На следующее утро мы с девчурками пересекли реку Делавар, там, где ее пересекал Джордж Вашингтон. Мы поехали на Международную выставку в Нью-Йорке, поглядели на прошлое с точки зрения автомобильной компании Форда и Уолта Диснея и на будущее с точки зрения компании «Дженерал моторс».

А я спросил себя о настоящем: какой оно ширины, какой глубины, сколько мне из него достанется?

В течение двух следующих лет я вел творческий семинар в знаменитом кабинете писателя при университете штата Айова. Я попал в невероятнейший переплет, потом выбрался из него. Преподавал я во вторую половину дня. По утрам я писал. Мешать мне не разрешалось. Я работал над моей знаменитой книгой о Дрездене.

А где-то там милейший человек по имени Симор Лоуренс заключил со мной договор на три книги, и я ему сказал:

– Ладно, первой из трех будет моя знаменитая книга про Дрезден.

Друзья Симора Лоуренса зовут его «Сэм», и теперь я говорю Сэму:

– Сэм, вот она, эта книга.

Книга такая короткая, такая путаная, Сэм, потому что ничего вразумительного про бойню написать нельзя. Всем положено умереть, навеки замолчать и уже никогда ничего не хотеть. После бойни должна наступить полнейшая тишина, да и вправду все затихает, кроме птиц.

А что скажут птицы? Одно они только и могут сказать о бойне: «Пьюти-фьют?»

Я сказал своим сыновьям, чтобы они ни в коем случае не принимали участия в бойнях и чтобы, услышав об избиении врагов, они не испытывали бы ни радости, ни удовлетворения.

И еще я им сказал, чтобы они не работали на те компании, которые производят механизмы для массовых убийств, и с презрением относились бы к людям, считающим, что такие механизмы нам необходимы.

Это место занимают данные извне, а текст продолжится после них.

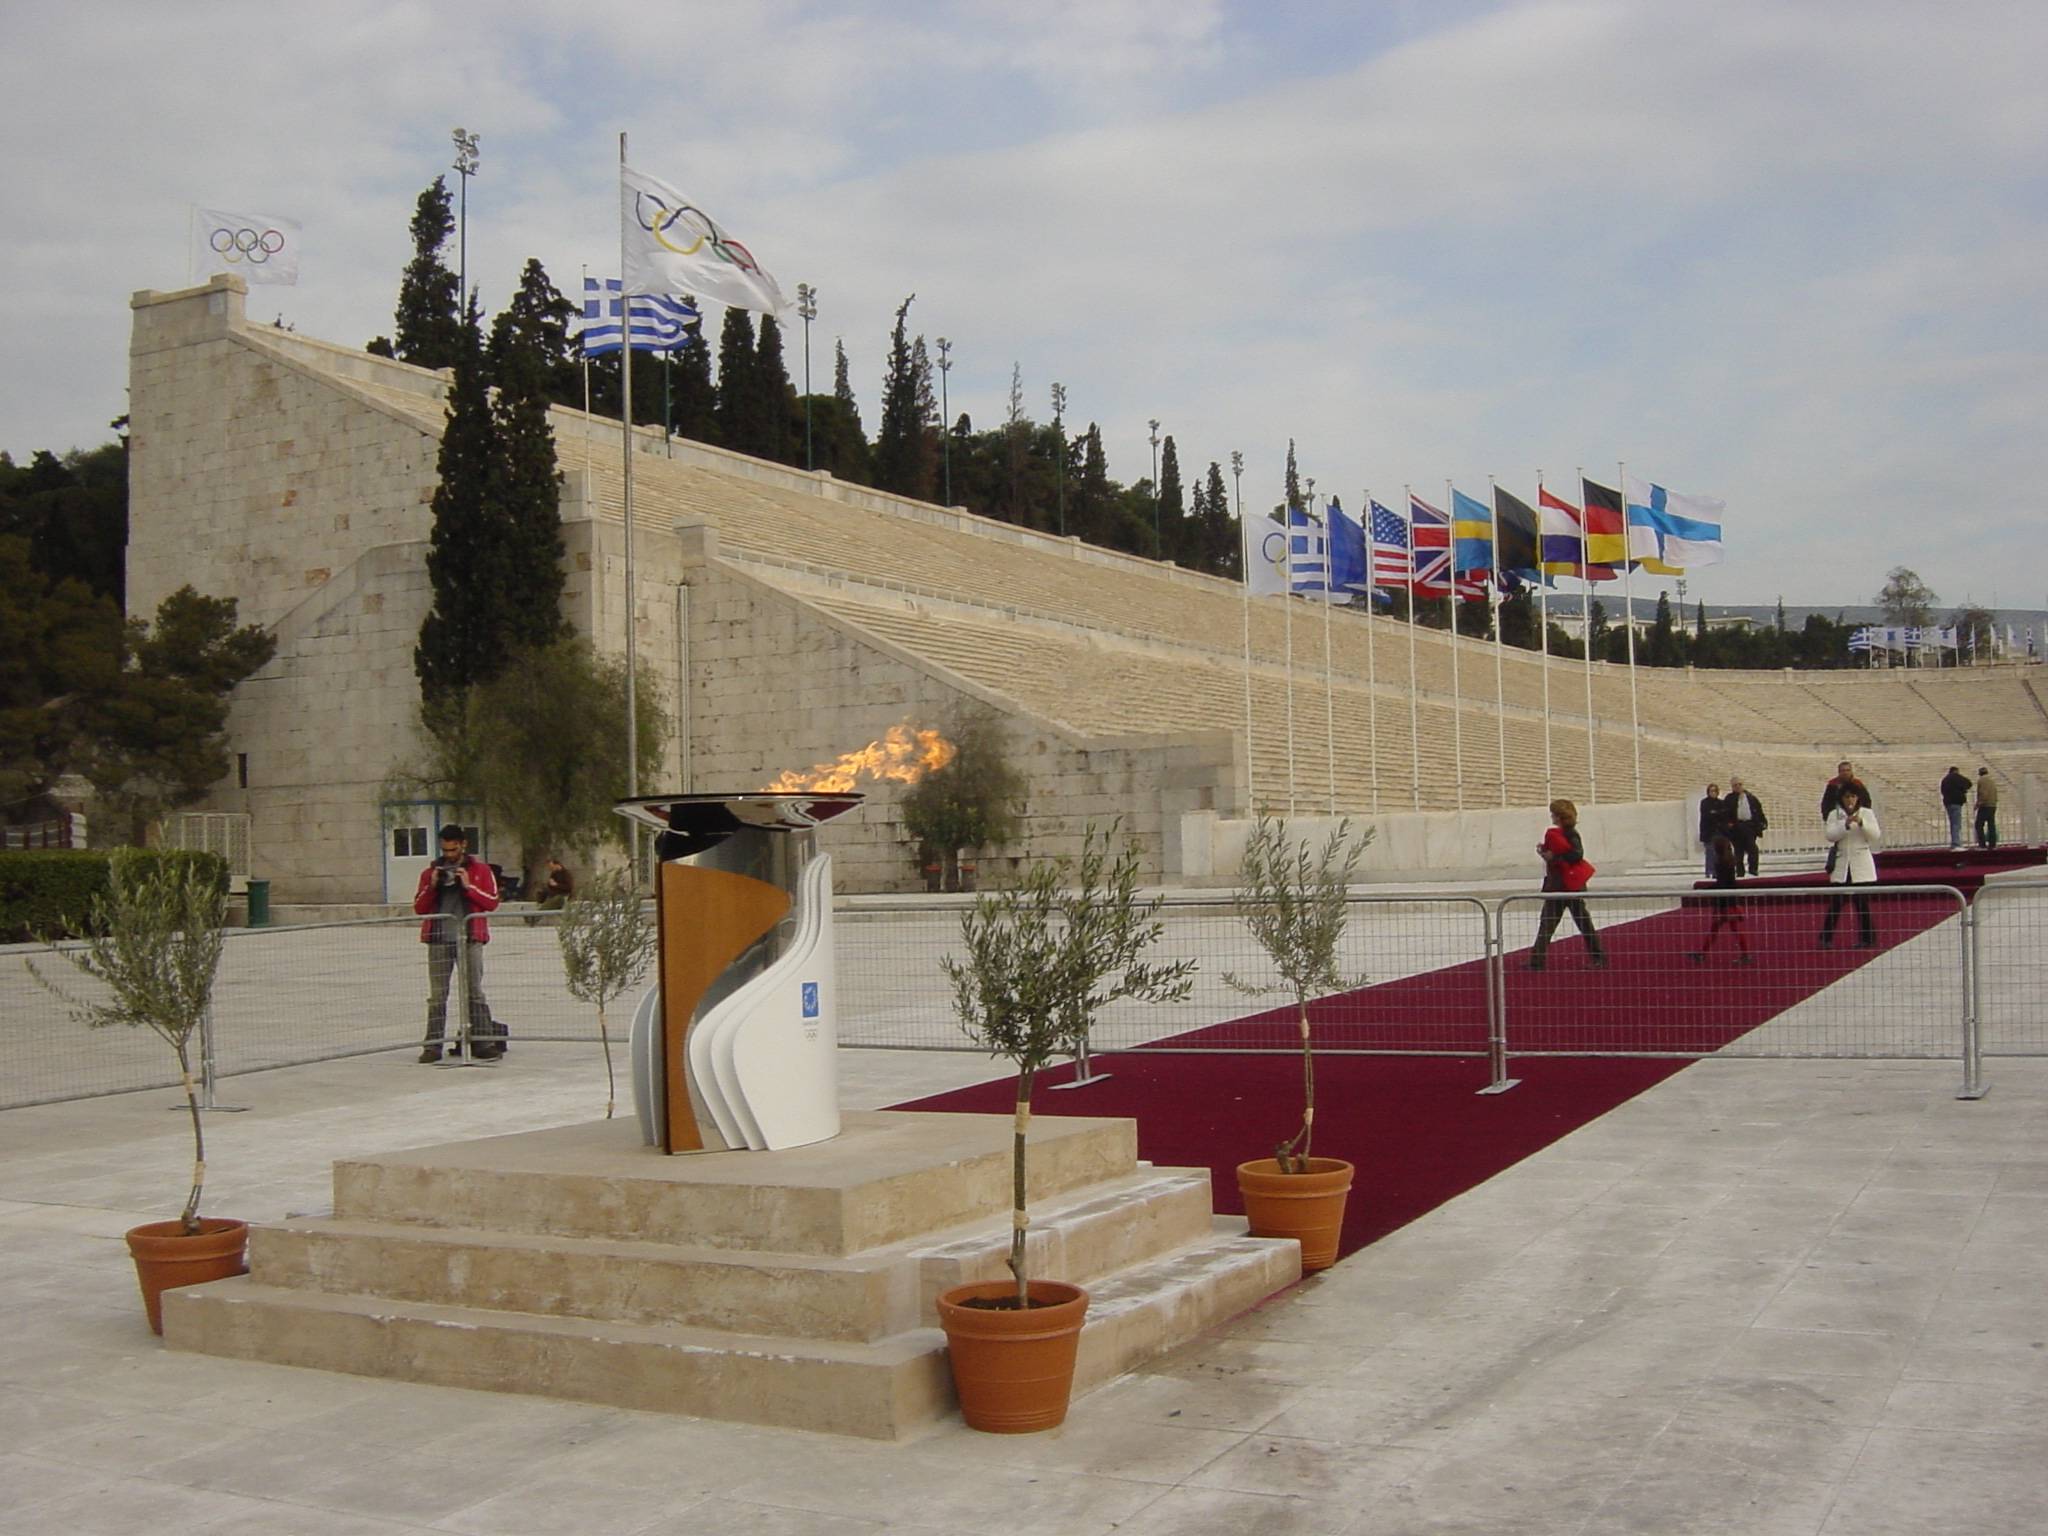 Olympic fire in Athens, Greece

Как я уже сказал, я недавно ездил в Дрезден со своим другом О’Хэйром. Мы ужасно много смеялись и в Гамбурге, и в Берлине, и в Вене, и в Зальцбурге, и в Хельсинки, и в Ленинграде тоже. Мне это очень пошло на пользу, потому что я увидал настоящую обстановку для тех выдуманных историй, которые я когда-нибудь напишу. Одна будет называться «Русское барокко», другая – «Целоваться воспрещается» и еще одна – «Долларовый бар», а еще одна – «Если захочет случай» и так далее.

Да, и так далее.

Самолет «Люфтганзы» должен был вылететь из Филадельфии, через Бостон, во Франкфурт. О’Хэйр должен был сесть в Филадельфии, а я в Бостоне, и – в путь! Но Бостон был залит дождем, и самолет прямо из Филадельфии улетел во Франкфурт. И я стал непассажиром в бостонском тумане, и «Люфтганза» посадила меня в автобус с другими непассажирами и отправила нас в отель на неночевку.

Время остановилось. Кто-то шалил с часами, и не только с электрическими часами, но и с будильниками. Минутная стрелка на моих часах прыгала – и проходил год, и потом она прыгала снова.

Я ничего не мог поделать. Как землянин, я должен был верить часам – и календарям тоже.

У меня были с собой две книжки, я их собирался читать в самолете. Одна была сборник стихов Теодора Рётке «Слова на ветер», и вот что я там нашел:

  • Проснусь – и медлю отойти от сна.
  • Ищу судьбу везде, где страха нет.
  • Учусь идти, куда мой путь ведет.

Вторая моя книжка была написана Эрикой Островской и называлась «Селин и его видение мира». Селин был храбрым солдатом французской армии в Первой мировой войне, пока ему не раскроили череп. После этого он страдал бессонницей, шумом в голове. Он стал врачом и в дневное время лечил бедняков, а всю ночь писал странные романы. «Искусство невозможно без пляски со смертью», – писал он.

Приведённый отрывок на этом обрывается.